───── Provided entries
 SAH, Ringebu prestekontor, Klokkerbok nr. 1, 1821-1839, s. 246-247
──────────
───── Provided entries
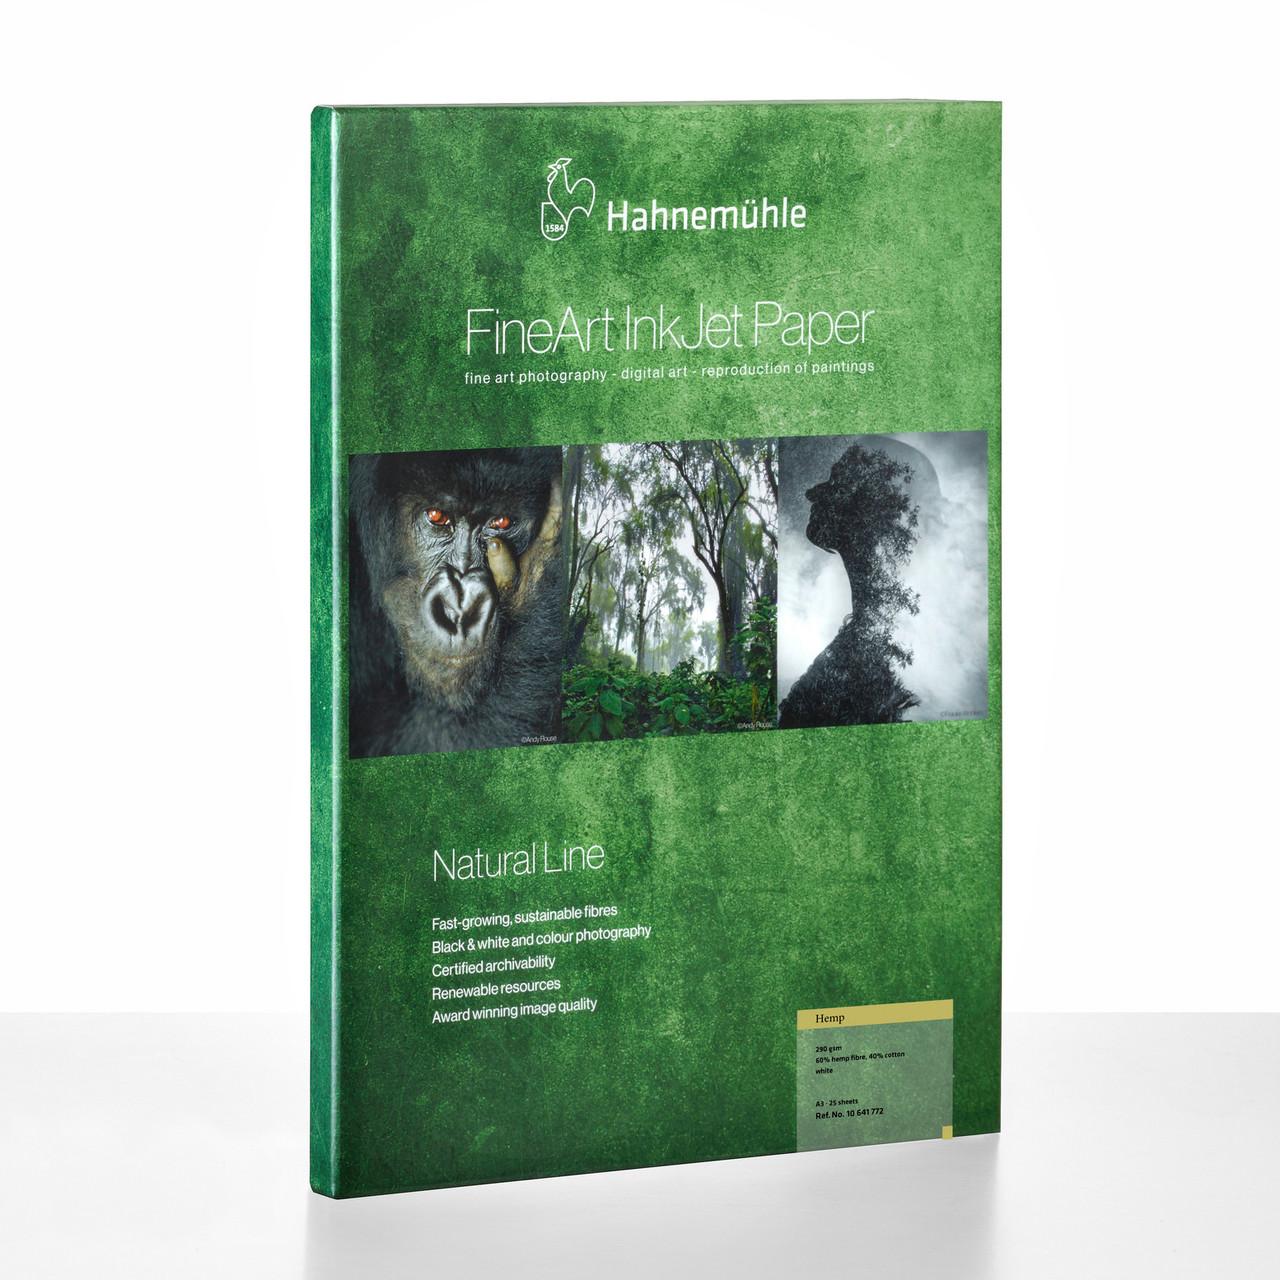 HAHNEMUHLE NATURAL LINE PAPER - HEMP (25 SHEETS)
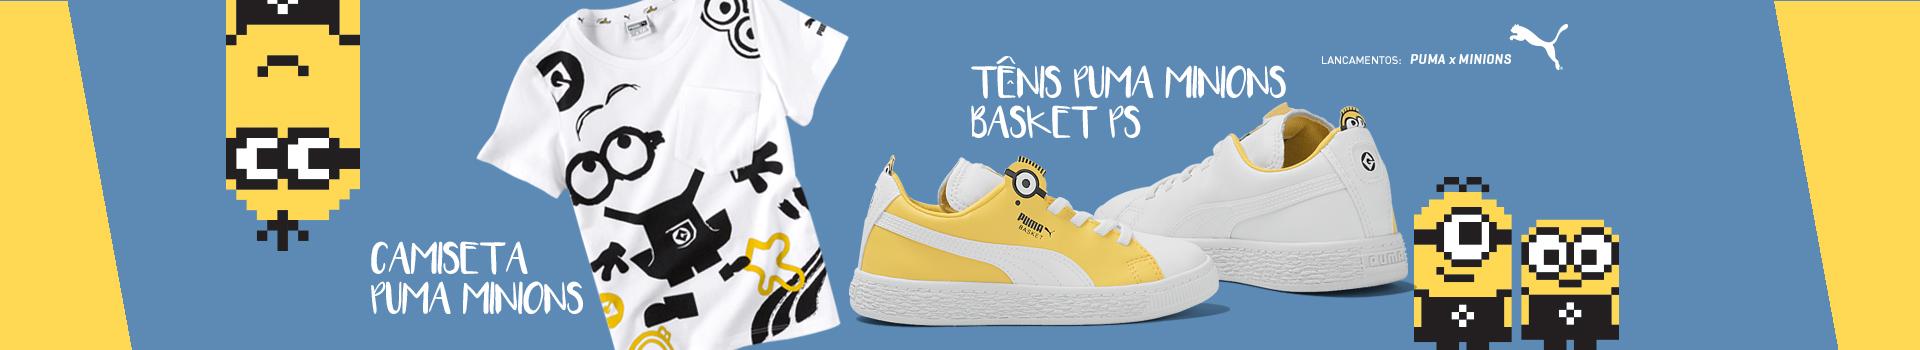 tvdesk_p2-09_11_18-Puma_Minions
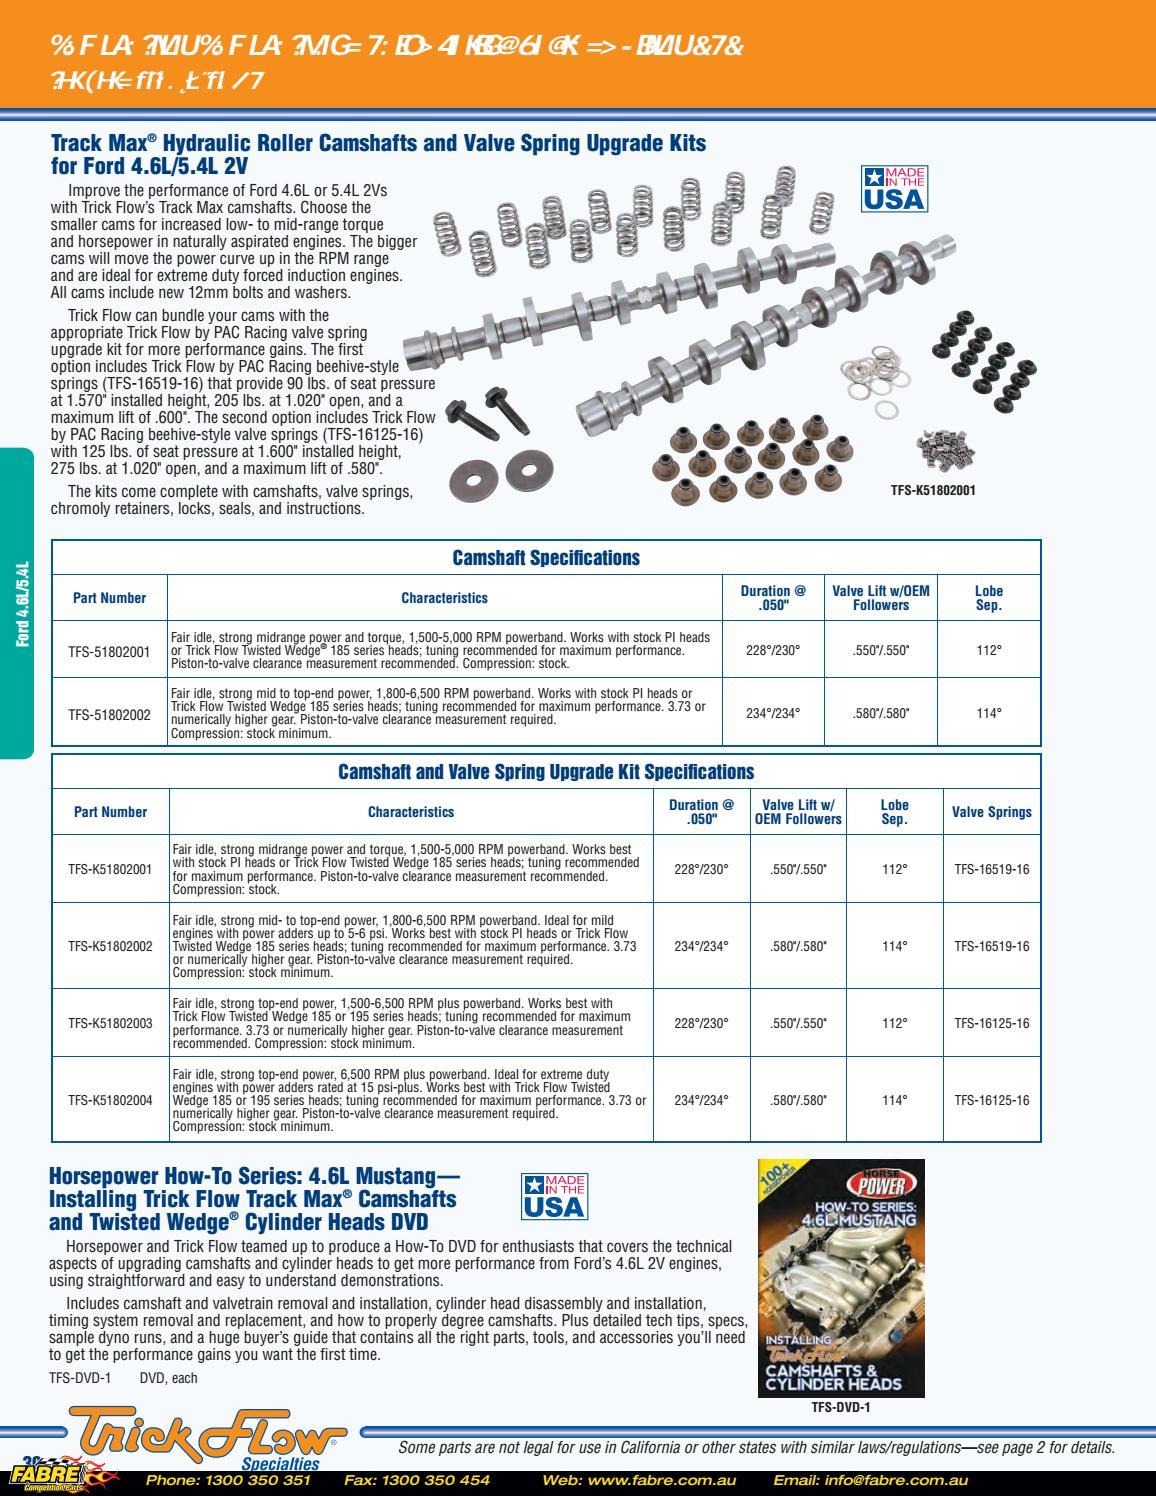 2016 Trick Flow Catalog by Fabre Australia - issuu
──────────
───── Provided entries
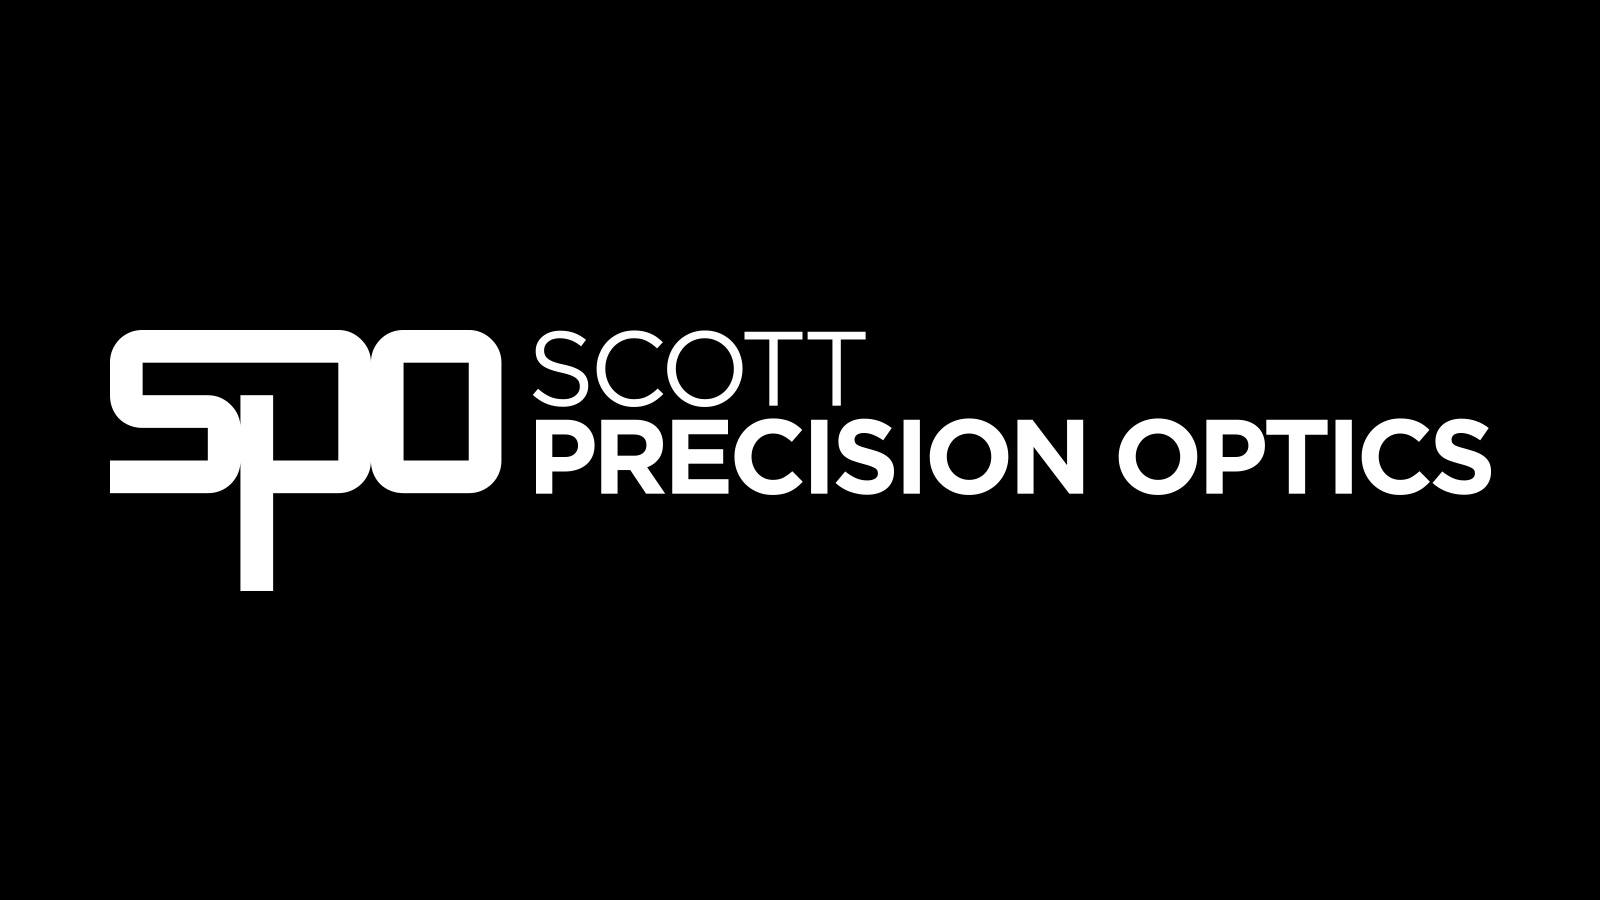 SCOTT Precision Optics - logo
──────────
Work instructions: Using the data above, copy exactly the lines from the one containing "HAHNEMUHLE NATURAL LINE" to the one containing "2016 Trick Flow", inclusive. Exclude the pictures.

Answer below:
 HAHNEMUHLE NATURAL LINE PAPER - HEMP (25 SHEETS)
 tvdesk_p2-09_11_18-Puma_Minions
 2016 Trick Flow Catalog by Fabre Australia - issuu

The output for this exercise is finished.